Добавить в цитаты Настройки чтения

Страница 202 из 256

Среди пассажиров суетится лысый толстяк: сначала он вступил в какой-то спор с помощником капитана, а затем стал отдавать громкие распоряжения матросам.

Это Франсуа Нежо: в уплату за проезд он отдал последние свои экю. Растратив десять тысяч франков, присланных братом, он по дешевке продал ренту, чтобы добраться до Америки. Он приехал с пустыми карманами, зато сердце его переполняет надежда — и он уверенным тоном, несколько даже кичливо, дает приказ доставить багаж в дом «Доминик Нежо и К°».

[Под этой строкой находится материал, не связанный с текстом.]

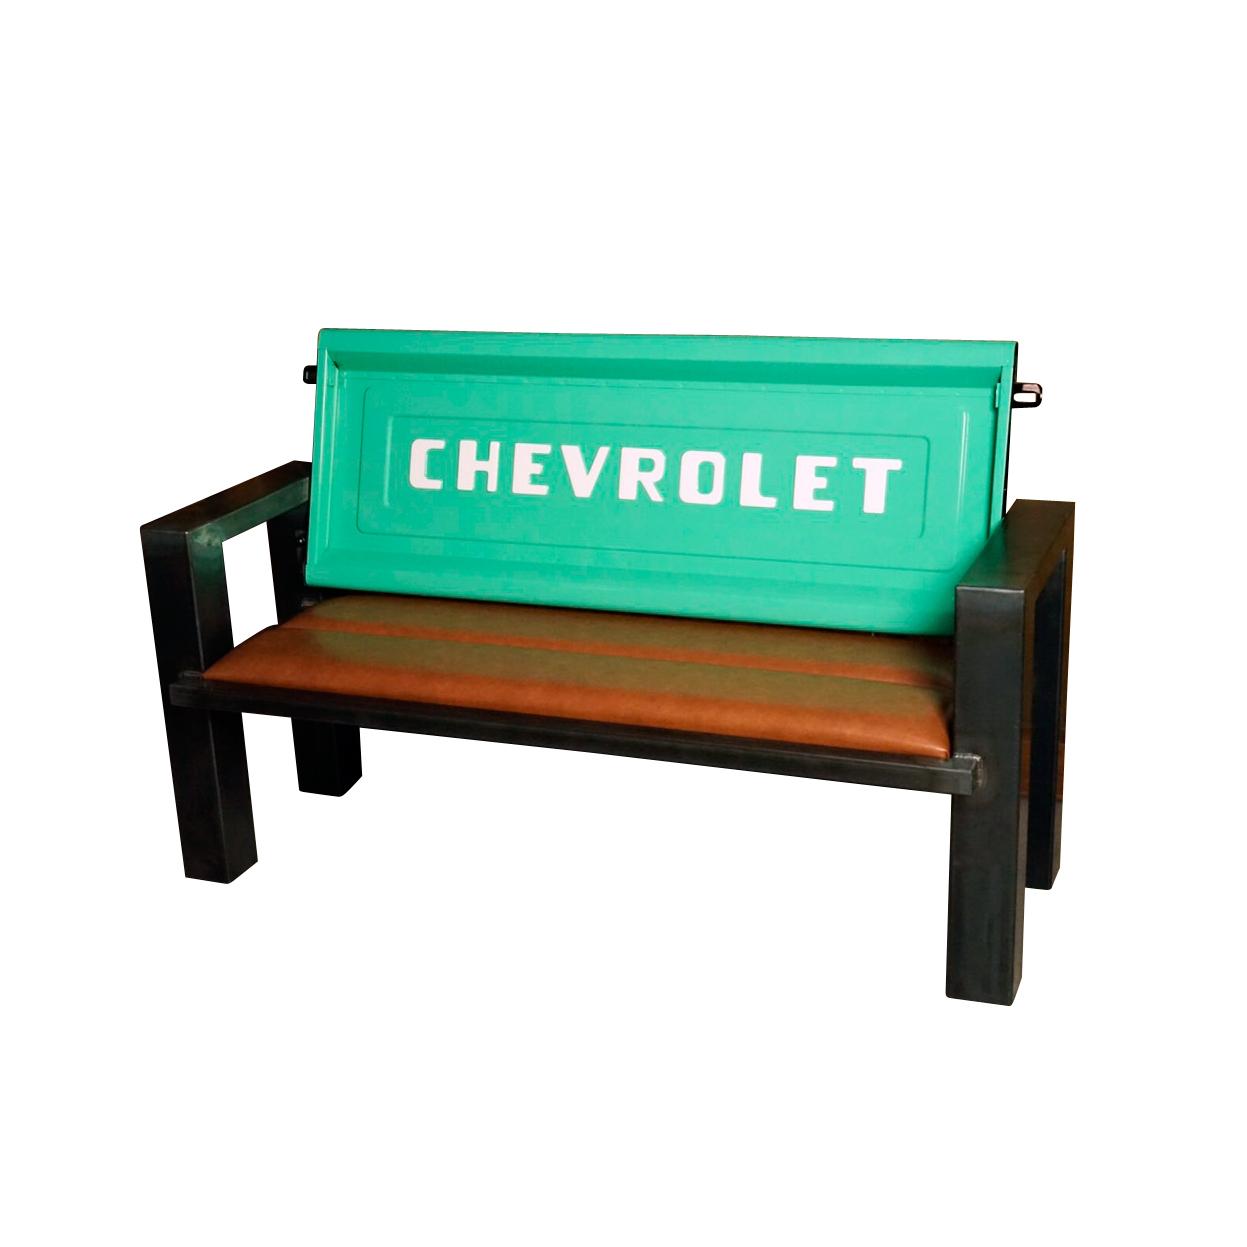 M-LINE CHEVROLET TAILGATE BENCH 【クッション】テールゲートベンチ

— Это, сударь, не мое дело! — отвечает матрос, мощным ударом весла направляя лодку к берегу. — Я высажу вас на землю вместе с чемоданами, а там вы сговоритесь с цветными, которые поджидают у причала. Они и доставят вас в город.

Едва ступив на берег, Франсуа крикнул одному из мулатов:

— Я брат господина Доминика Нежо, дружище, отвези меня к нему, да поживее!

Грузчик посмотрел на путешественника с удивлением.

— Неужели ты не знаешь дом Нежо, один из самых богатых в Новом Орлеане? — с презрительной заносчивостью осведомился Франсуа, отчего мулат вжал голову в плечи.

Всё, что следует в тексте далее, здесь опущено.